Я поняла, что моя концепция книги весьма напоминает мое понимание любви! Хоть я и была невоздержанной, но непостоянством не отличалась. Я смотрела на тех, кто коллекционирует любовные истории, как на инопланетян, язык и нравы которых мне чужды. Я сохраняю неизменный и обескураживающий скептицизм по отношению к романтическим натурам, подверженным любви с первого взгляда. У меня совсем иной опыт! Потребовалось много лет, сотни тысяч ласк, тысячи дискуссий и некоторое количество совместно пережитых испытаний, чтобы без лишних разглагольствований я смогла назвать любовью то, что испытываю к Жаку. Потребовалось еще немного времени, чтобы я сказала ему об этом. Мы только что въехали в наш новый дом. Вечером я о чем-то размышляла, не включая света. Какое-то время мы молчали, как бы отсекая прошедший день, а потом я решилась, и, как обычно, пожелав ему доброй ночи, я несколько раз повторила: «Я тебя люблю».

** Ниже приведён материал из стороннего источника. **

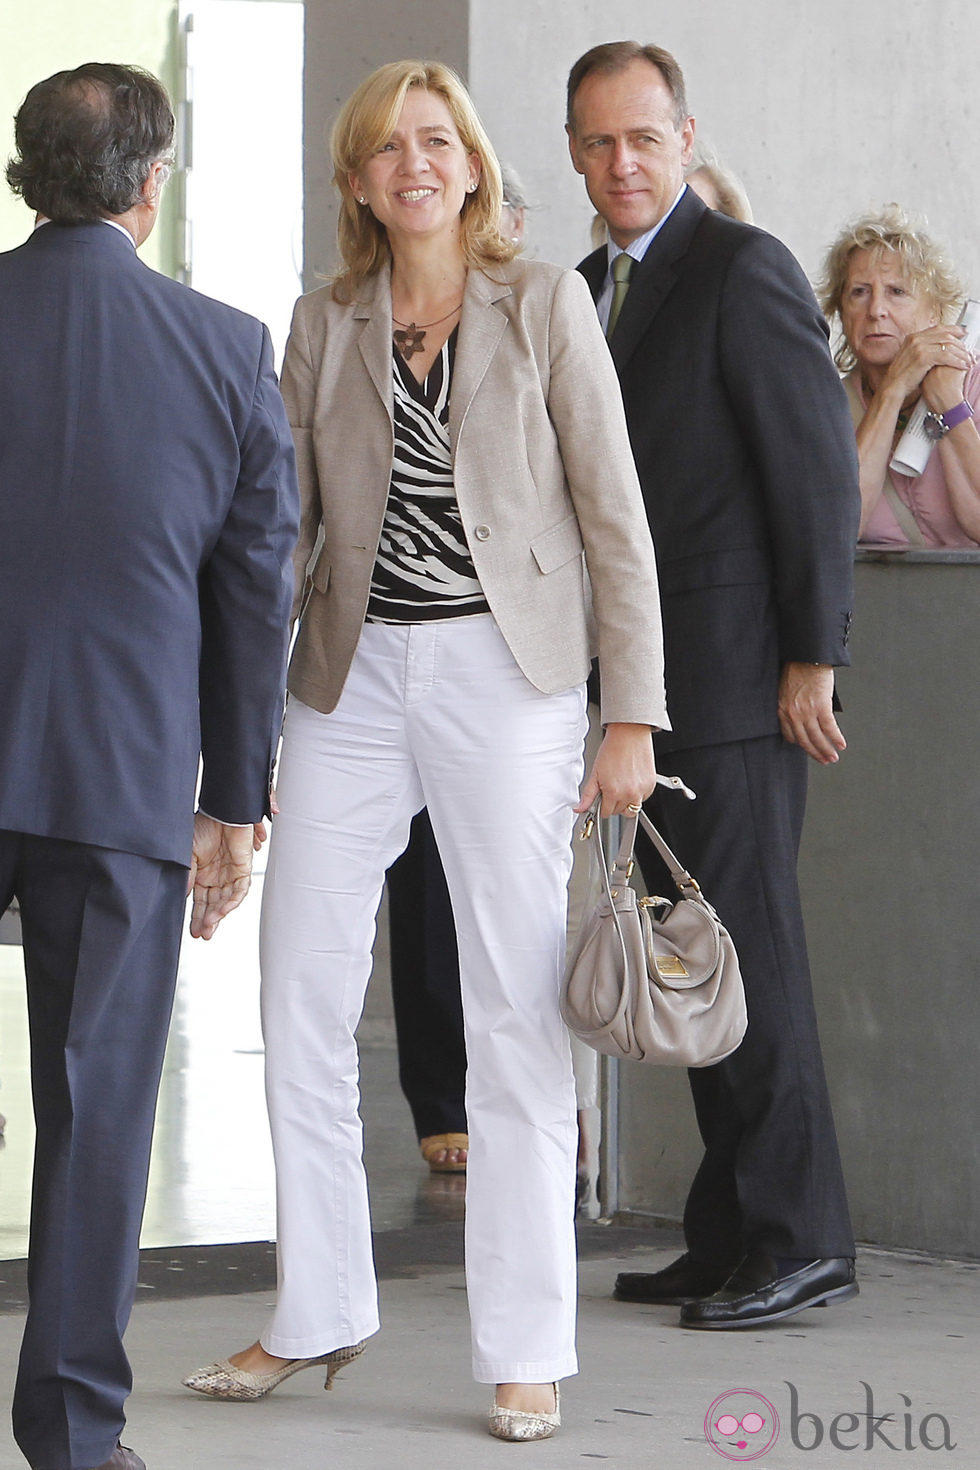 La Infanta Cristina visita al Rey tras su operación de cadera

Хотя казалось, что я навеки обречена писать только обзорные статьи, позднее мне удалось выпустить в учебной серии книгу, охватывающую все сферы современного зарубежного искусства, для чего потребовалось ввести этот проект в достаточно жесткие рамки. А потом, когда книга была готова, я впервые в своей профессиональной жизни оказалась вовлечена в серьезное предприятие — ни больше, ни меньше. Я была свободна, и меня осенила идея написать «Сексуальную жизнь Катрин М.».
Эта мысль относится к тем легковесным идеям, что время от времени отвлекают нас от мучительной или скучной обыденности. Мы откладываем какое-то дело на потом, на какое-то гипотетическое будущее, предполагая, что вернемся либо со щитом, либо на щите; но что это за дело, так и остается неясным. Мы никогда не даем себе труда углубиться в детали. Оно может оставаться одной из многих несбыточных надежд, которые время от времени дают о себе знать, при этом сопровождают нас постоянно до тех пор, пока не приходит срок подводить итоги; оно поддерживает в нас веру в другую жизнь. Однако об этой книге я стала задумываться всерьез: написать автобиографию, сведя ее к рассказу о моей сексуальной жизни. (По правде говоря, «всерьез» — это довольно сильно сказано, я рассматривала это предприятие со слишком близкого расстояния и не могла отличить его от своих фантазмов — ни в целом, ни в частностях.)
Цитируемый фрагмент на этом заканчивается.